Passemos aos falta d’água facts de hoje:

– O nível do Sistema Cantareira caiu 0,2% de ontem para hoje – agora está em 13,4%, já contando com a segunda cota do volume morto (http://bit.ly/1tz3xoI).

– Devido à falta d’água, a Rhodia desativou 4 de 22 unidades de produção em sua planta de Paulínia, e a Fibria atualmente trabalha em um plano de contingência (http://glo.bo/1D8vfK3).

– Indústrias de bebidas, papel e celulose já estão investindo em outros estados como forma de se precaver contra a crise hídrica (http://bit.ly/1rtOOGi).

– Por fim, uma modelo que passou mal após ingerir água contaminada posou para um ensaio sexy em um reservatório do Sistema Cantareira (http://glo.bo/1tpkXVV). Leia as declarações de Camila Vernaglia. São absolutamente lúcidas e pertinentes.

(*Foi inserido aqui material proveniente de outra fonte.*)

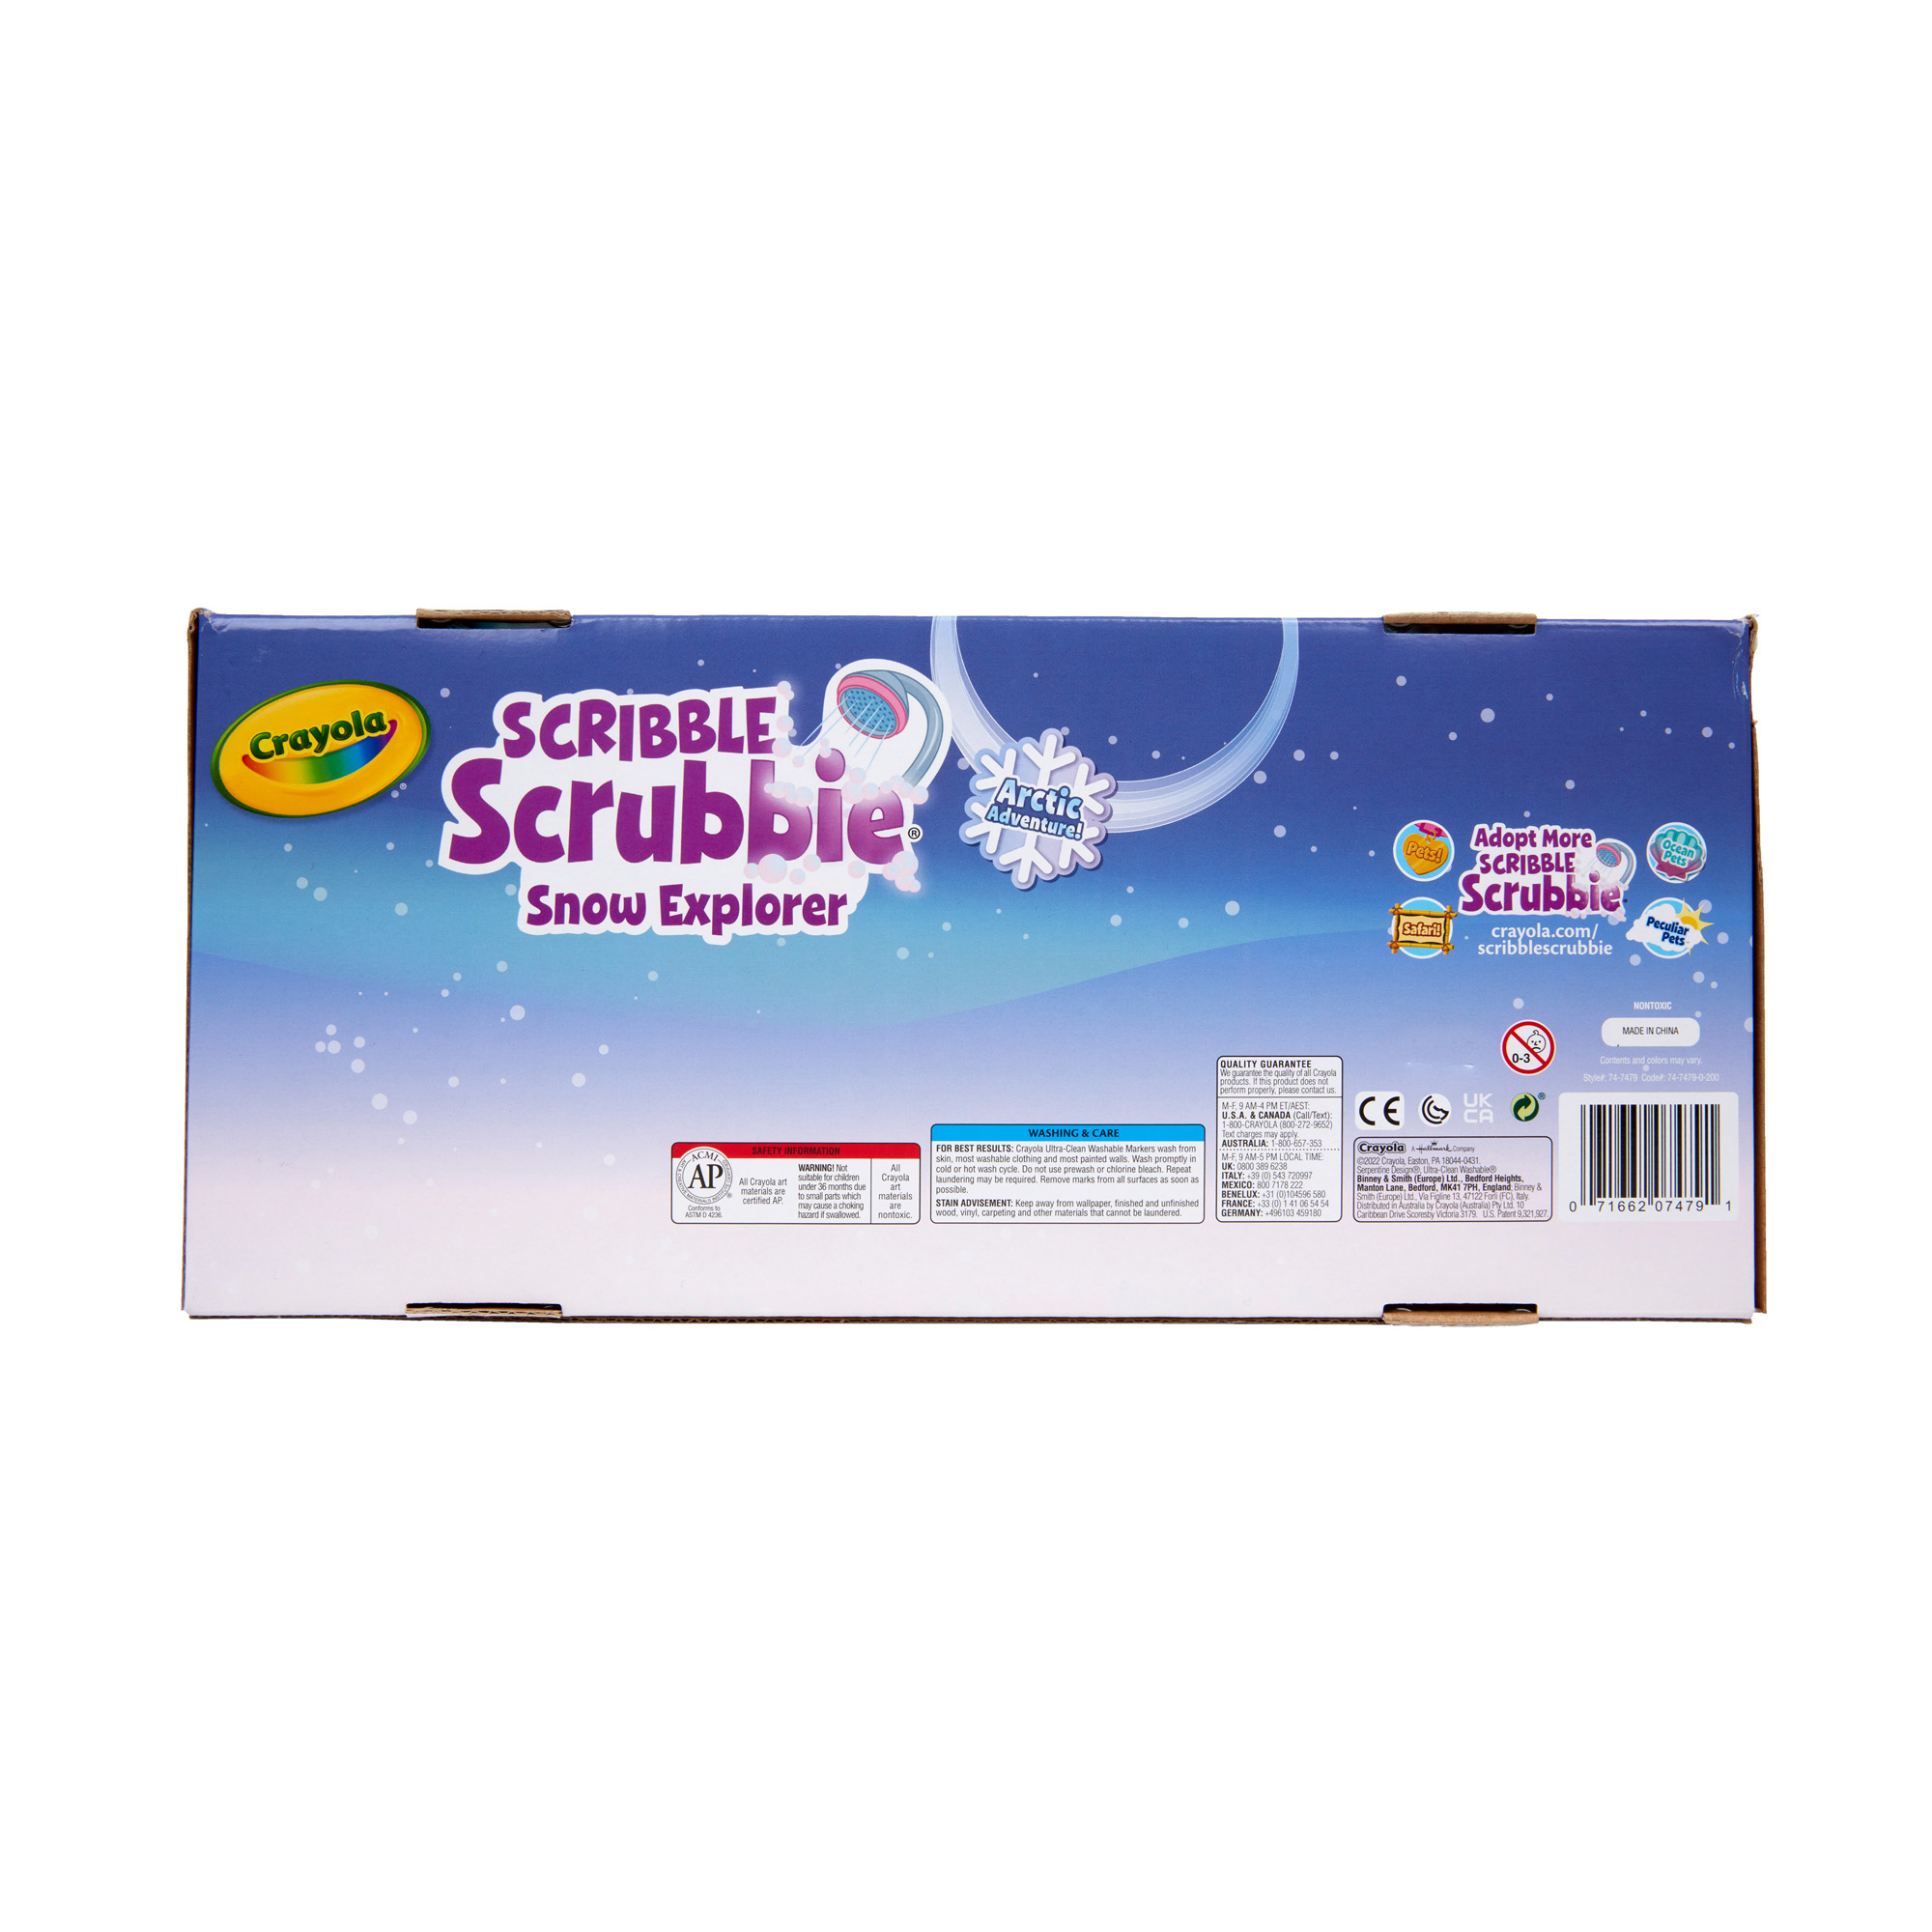 Crayola Scribble Scrubbie Peculiar … curated on LTK

E este foi o boletim de hoje. Pode entrar em pânico que amanhã tem mais.

 

141028-Copo24/10/2014

– Disse a presidente da Sabesp, em reunião cujo áudio foi divulgado hoje: “A Sabesp tem estado muito pouco na mídia, acho que é um erro. Nós tínhamos que estar mais na mídia, sabe, com os superintendes locais, nas rádios comunitárias, o Paulo [Massato] falando, eu falando, o Marcel falando, todos falando, com um tema repetido, um monopólio: economia de água. ‘Cidadão, economize água’. Isso que tinha que estar reiteradamente na mídia. Mas a orientação… Nós temos que ter a orientação. (…) Nós temos superiores. A orientação não tem sido essa, mas é um erro. Tenho consciência absoluta e falo para pessoas com quem eu converso sobre esse tema, mesmo meus superiores, acho um erro esta administração da comunicação dos funcionários da Sabesp, que são responsáveis por manter o abastecimento, com os clientes.” (http://bit.ly/12qmfVw) (http://bit.ly/1wl1O8O)

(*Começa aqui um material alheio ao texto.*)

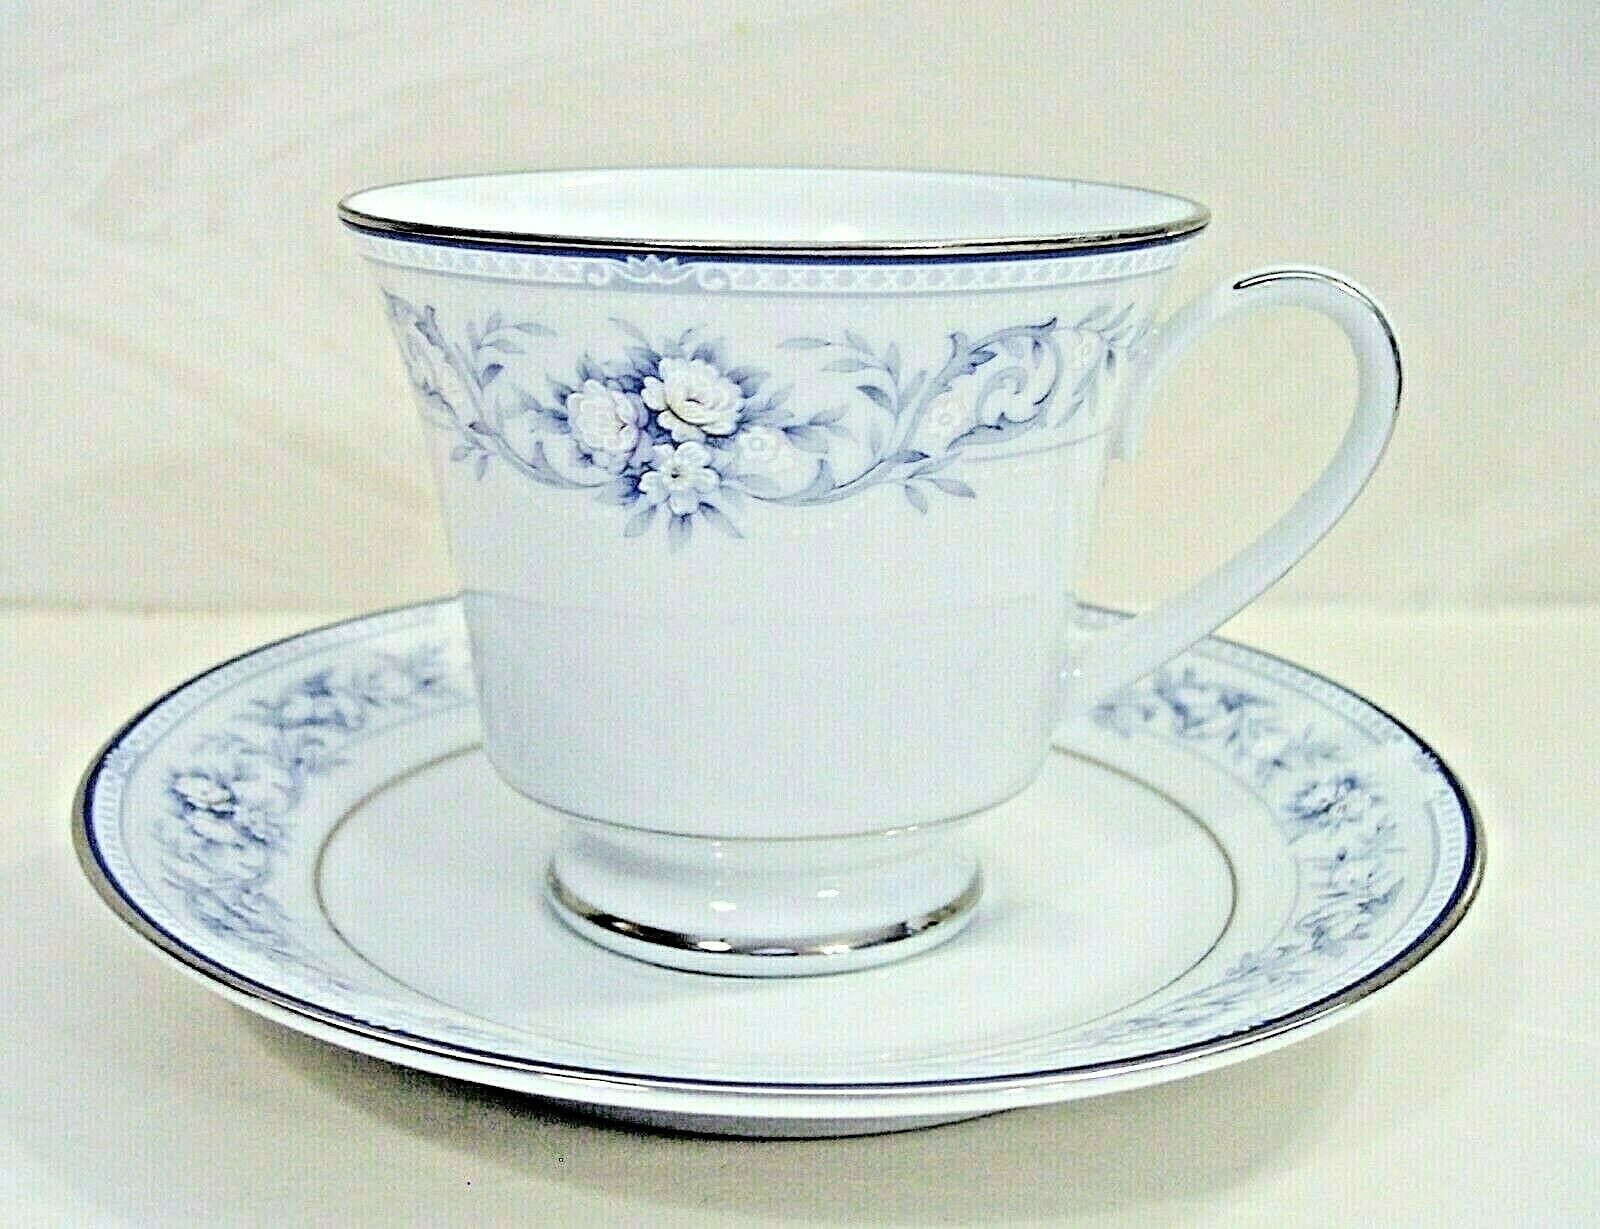 Noritake China Legendary "dearborn" Cup And Saucer - 4218

– Disse um diretor da Sabesp, na mesma reunião: “Se repetir o que aconteceu esse ano, do final de 2013, de outubro pra cá, se voltar a repetir em 2014, confesso que eu não sei o que fazer. Essa é uma agonia, uma preocupação. Alguém brincou aqui, mas é uma brincadeira séria. Vamos dar férias para oito milhões e oitocentos mil habitantes e falar: ‘saiam de São Paulo’. Porque aqui não tem água, não vai ter água pra banho, pra limpeza da casa, quem puder compra garrafa, água mineral. Quem não puder, vai tomar banho na casa da mãe lá em Santos, lá em Ubatuba, Águas de São Pedro, sei lá, aqui não vai ter.” (http://bit.ly/12qmfVw) (http://bit.ly/1wl1O8O)

– Disse o governador Geraldo Alckmin, hoje: “O abastecimento de água está garantido na região metropolitana de São Paulo. Não tem racionamento e não tem desabastecimento” (http://bit.ly/ZQJtSZ). Disse ainda: “Talvez a gente nem precise da segunda reserva técnica. Já passamos pelo período mais seco.” (http://bit.ly/ZQJtSZ)

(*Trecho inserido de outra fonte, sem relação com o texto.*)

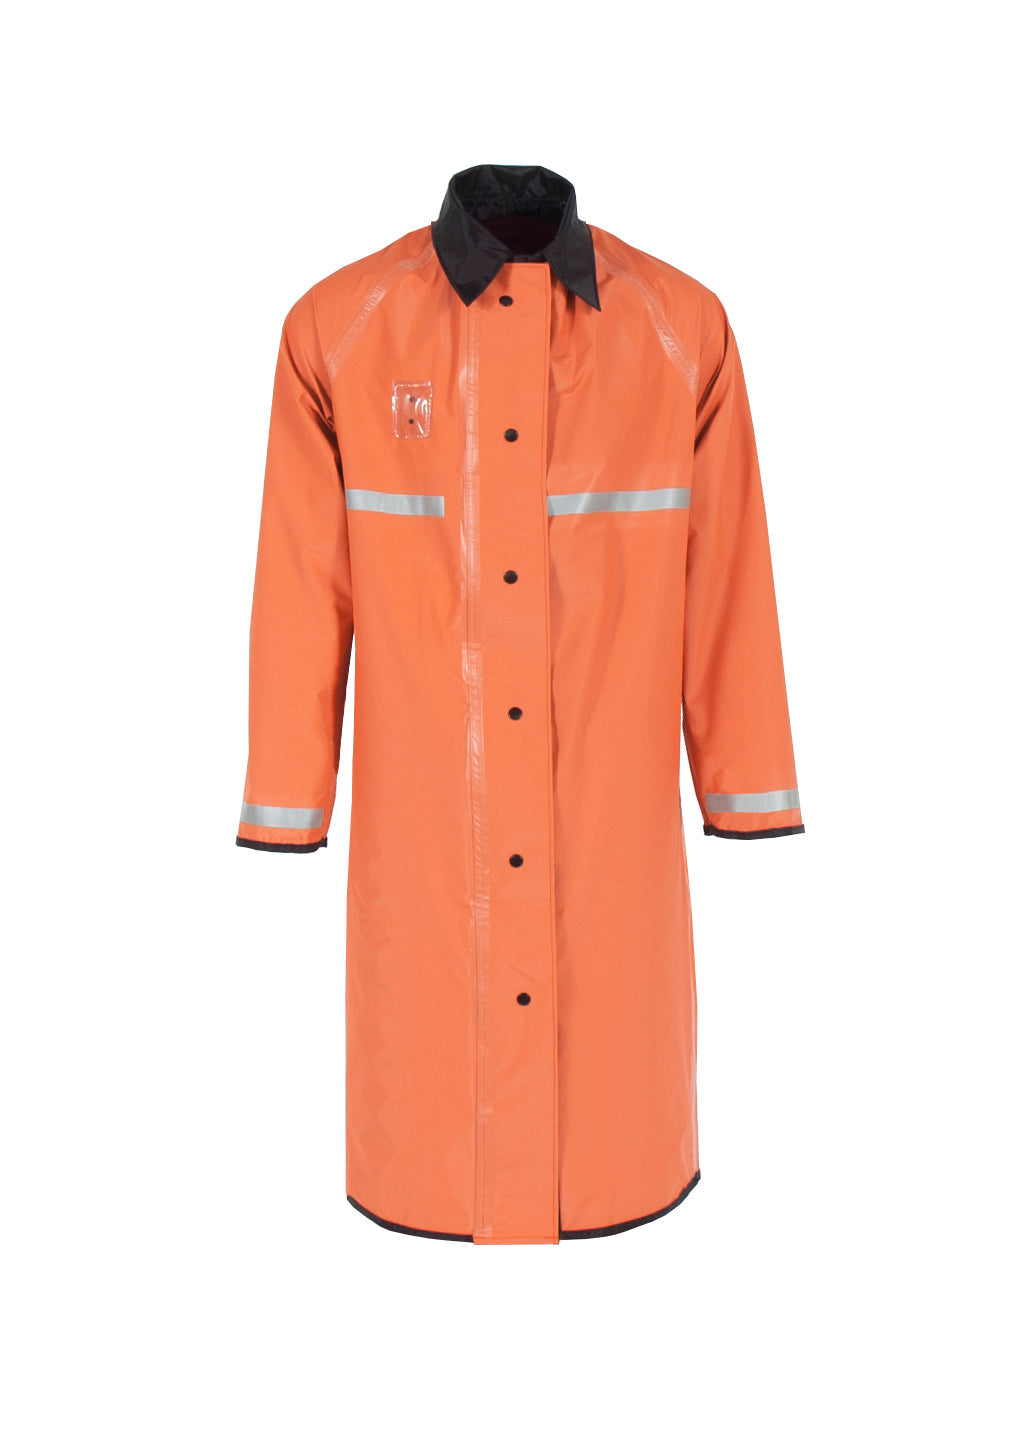 Neese 447RCH3M Reversible Series Coat with 3M Reflective Taping

– Disse a Sabesp: a segunda cota do volume morto já foi incorporada à medição dos reservatórios do Sistema Cantareira; assim, de 2,9% o sistema passou automaticamente a 13,6% de sua capacidade (http://glo.bo/1tlvTUH). Segundo a Sabesp, porém, o segundo volume morto ainda não começou a ser captado. Segundo a ANA, já começou sim. (http://glo.bo/1sjTzSL)

– Disse o candidato Laércio, no debate eleitoral: a seca não atinge só São Paulo, mas todo o Sudeste; o governo de São Paulo fez o que podia; o problema mesmo foi que a ANA, do governo federal, não ajudou, porque está aparelhada pelo PT. (http://bit.ly/1D9DRQs)

– Disse a presidenta e candidata Gilma: a responsabilidade sobre a gestão da água é dos estados; faltou planejamento para a crise hídrica por parte do governo de São Paulo; esta falta de planejamento é uma vergonha; o governo federal ajudou sim. Disse ainda, citando Zé Simão: “vocês estão levando o estado para ter um programa Meu Banho Minha Vida” (http://bit.ly/1D9DRQs)

– Disse a síndica do meu prédio em comunicado aos moradores: a Sabesp tem interrompido o fornecimento de água todas as noites. É preciso, portanto, continuar economizando água, “até que a situação se normalize”.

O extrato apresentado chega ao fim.